A time traveler in Minnesota?
Just recently I watched the new film adaptation of Wilhelm Moberg’s classic novel Utvandrarna (The Emigrants), released in 2021. First of all, I wonder if we really needed a remake of this novel – Jan Troell’s fantastic film from 1971 still holds up to this day. I’m not going to review the new movie here, but I still want to write a bit about the language in the movie.
I reacted strongly to the way Kristina and Karl-Oskar’s son talked. When Kristina, for example, asks him to pick up his sister Lill-Märta, he replies: “Yes, absolutely!”. I remind you now that the film takes place in the middle of the 19th century, and that the family has emigrated from small Duvemåla in Småland. Answering “Absolutely” instead of answering “Yes” is a very modern habit, barely a few years old. Nothing that belongs to the 19th century at the very least.

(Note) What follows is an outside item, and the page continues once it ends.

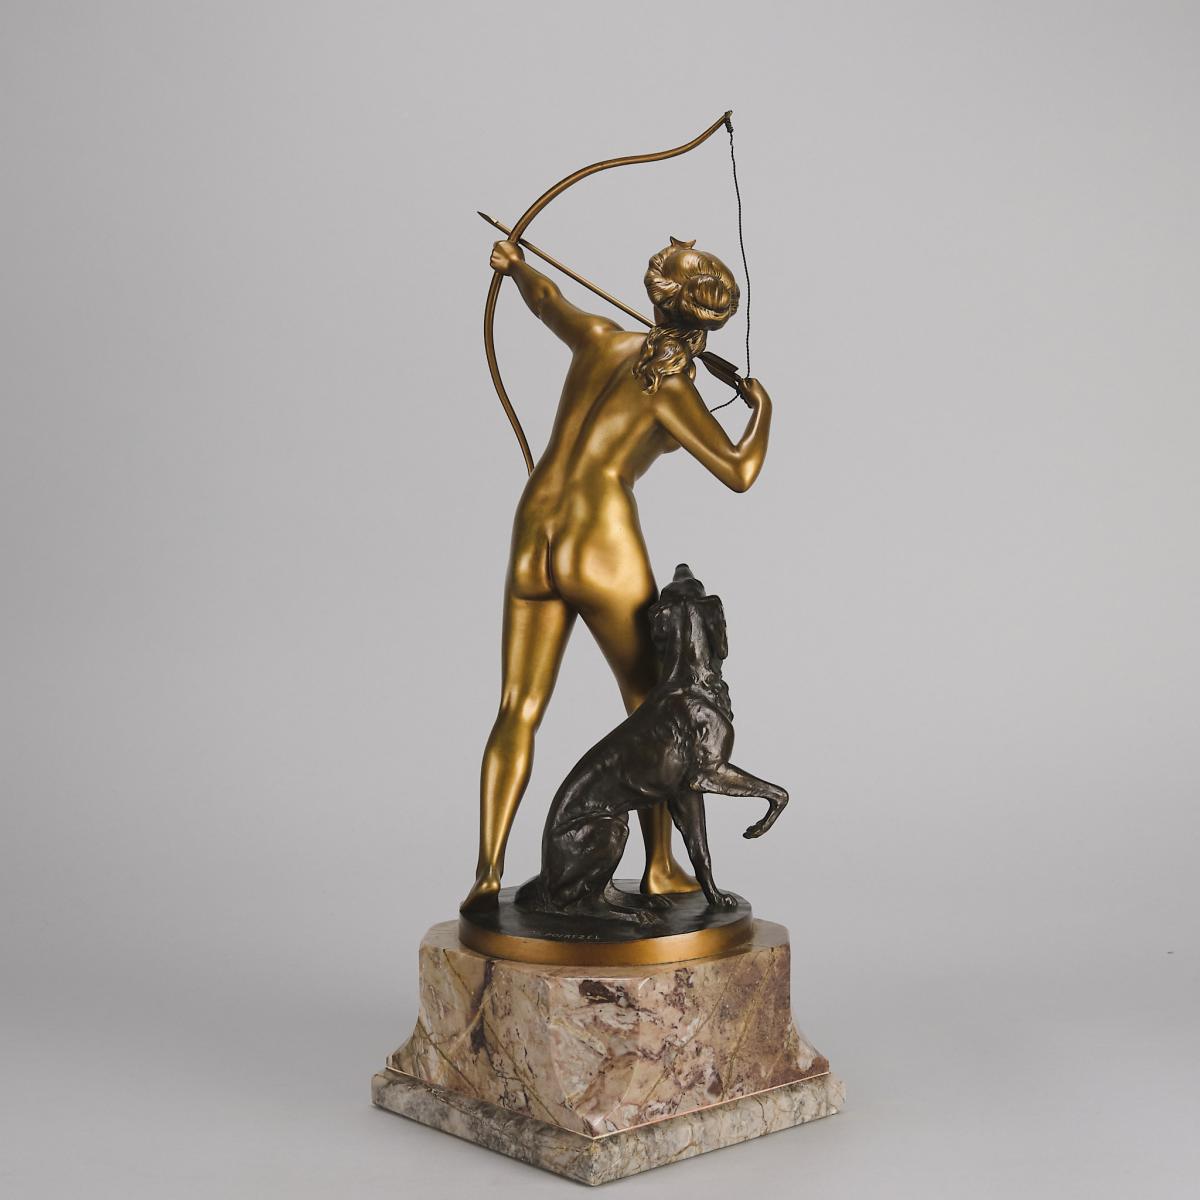 Cold-Painted Art Deco Bronze Sculpture entitled "Diana with Hounds" by Prof Poertzel

Why was this in the movie? As an editor of many scripts, I would have called for such to be cut! This is not credible! If the audience is to be given the illusion that we are in fact in America during the 1860s, the language must also be reasonably contemporary. Instead, I wondered how a guy from the 2020s ended up in Minnesota’s settlement areas. A time traveler visiting? It became comical.
Wilhelm Moberg must have turned in his grave when he heard some of the dialogue in this film. For those who have not read the book, I can say that all dialogues are consistently written in the local Swedish dialect of Småland. Moberg is said to have been heard sobbing and complaining down there where he is buried.
But I also saw another new Swedish film called UFO Sweden (Crazy Pictures, 2022). It also had its share of gaps in the script, but what I still have to love this movie for is its warmth! It’s like one long tribute to small obscure societies and clubs and their members. All these people find their family and a home with each other while scouting for UFOs, playing board games, or cosplaying as fairies and wizards in the forest. Not once did the film make fun of the UFO society, and the creators should be praised for that!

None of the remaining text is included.